Николо пожал плечами.
– Спроси ее.
– Господи, – выдохнул Николо. – Я не хочу быть монахиней.
– Я и не предлагаю тебя становиться монахиней, – сказал Алессандро. – Я ничего тебе не предлагаю. Я просто говорю, что интеллект бесполезен, если он не удерживается в жестких рамках умерщвлением плоти с тем, чтобы он мог служить душе. Вот и все. Интеллект отвечает за работу мысли. Тело танцует. И душа поет. Песню, простую песню. Когда любовь и воспоминания переполняют тебя, душа, тоже переполненная, взмывает ввысь и проделывает это в простой песне.
– Откуда вы это знаете?
– Я ее слышал.
– И о чем же она?
– В ней говорится, что в самом конце жизни, когда ты фильтруешь все, что знаешь, у тебя остается только одно-единственное, что может путешествовать с тобой, хотя только Господь
– И как это понимать? – спросил Николо. – Вы всегда вот так говорите. Дайте мне хоть один конкретный пример.
– Ты про это одно-единственное?
– Да, про это.
– Это не вещь.
– Мне все равно, приведите пример, приведите.
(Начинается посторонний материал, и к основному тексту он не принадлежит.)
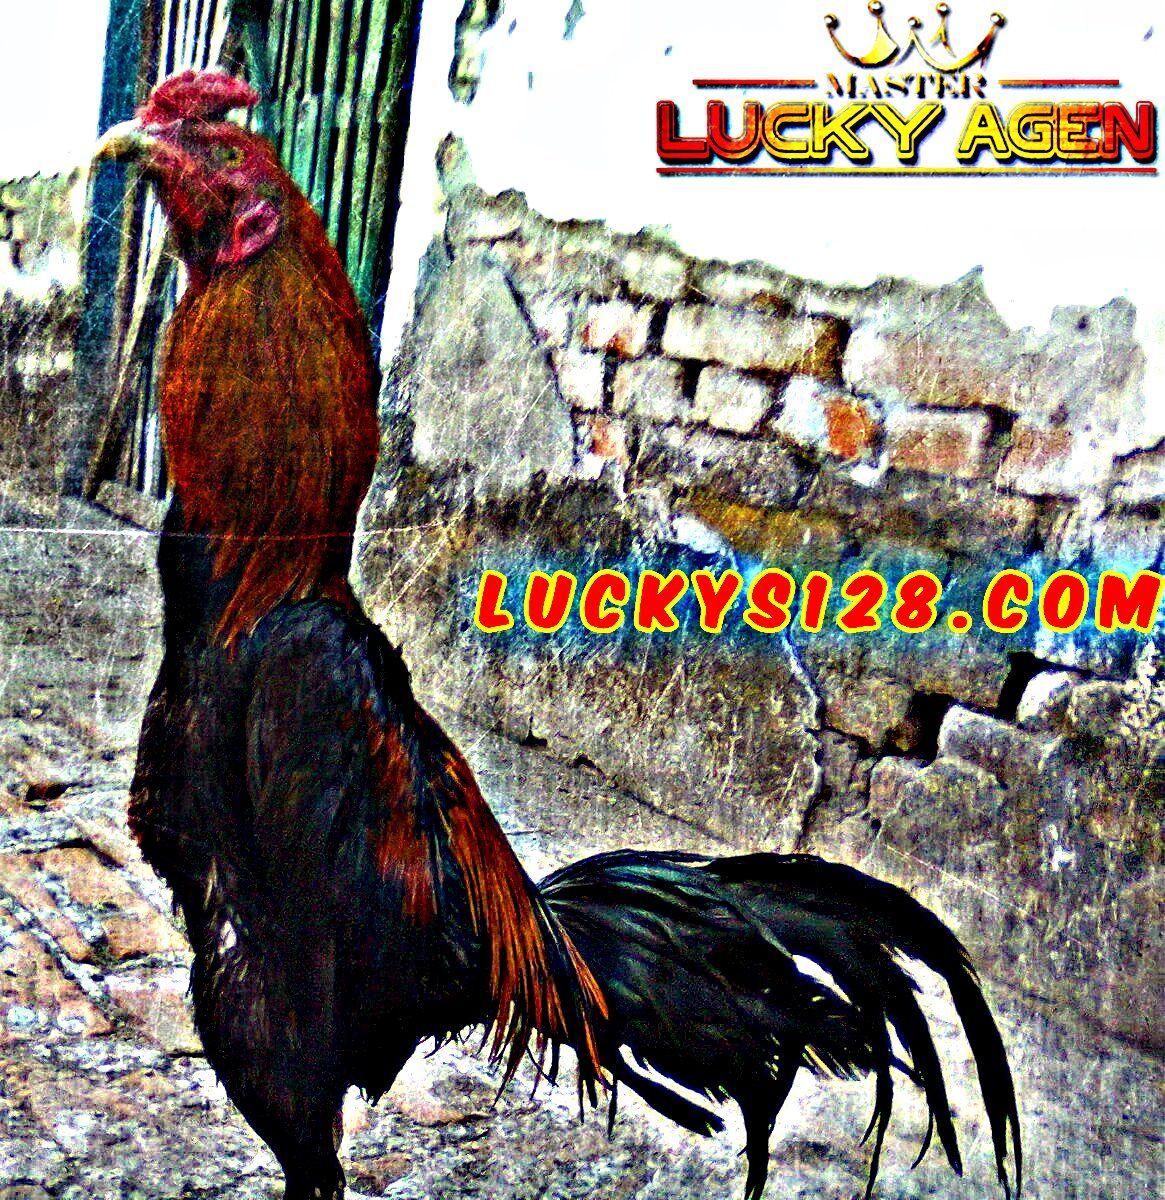 Sabung Ayam Terbaik - Ayam wiring galih merupakan salah satu ... on

– Хорошо. – Алессандро смотрел на залитый лунным светом городок, на посеребренные склоны холмов и недавно скошенные поля. – Вот тебе крохотный пример, один из миллионов, микроскопический, но он подпадает под то единственное, о чем я говорил. У меня есть настольный ежедневник, книга в кожаном переплете, которая лежит открытой у моего правого локтя. Это вещь. Теперь, когда я стал старым, ежедневник практически пуст. Но я каждый год покупаю новый – по привычке, и когда с кем-то встречаюсь, эта запись выделяется на пустых страницах, как корабль, затертый во льдах Северного полюса. В еженедельнике есть красная тесемка-закладка, и почти пятьдесят лет эта ленточка лежала в зазоре между страницами, прямая, как линия отвеса. Недавно я потянулся к телефонному аппарату правой рукой, чтобы ответить на звонок, а в левой держал открытый ежедневник. Не смотрел на него и сдвинул тесемку на станицу, она скрутилась и легла под углом в сорок пять градусов. Закончив разговор и положив ежедневник на стол, я заметил тесемку. У нее была своя жизнь, независимая от моих привычек, намерений, стремления к порядку, идей и практических действий. Тесемка пересекала страницу, как трепещущий на ветру флаг, как колонна огня.
– И что это означает?
– Иногда ежедневник говорит мне, что я не один. И даже если не говорит, я хочу в это верить, потому что со временем становится очень больно одному, хотя к этому так привыкаешь, что едва терпишь что-то еще. Когда ты один, очень хочется скрасить одиночество, и ты готов обнять то, что добываешь из воздуха. Ты находишь спасение в значениях, до которых раньше бы не додумался, а для этого лучше вставать рано утром, когда голова чистая, а сердце нежное.
– Этого недостаточно.
– Думаешь, нет?
– Да.
– Почему?
– Это все интеллект!
– Ага! – воскликнул Алессандро Джулиани. – И чего-то ему не хватает?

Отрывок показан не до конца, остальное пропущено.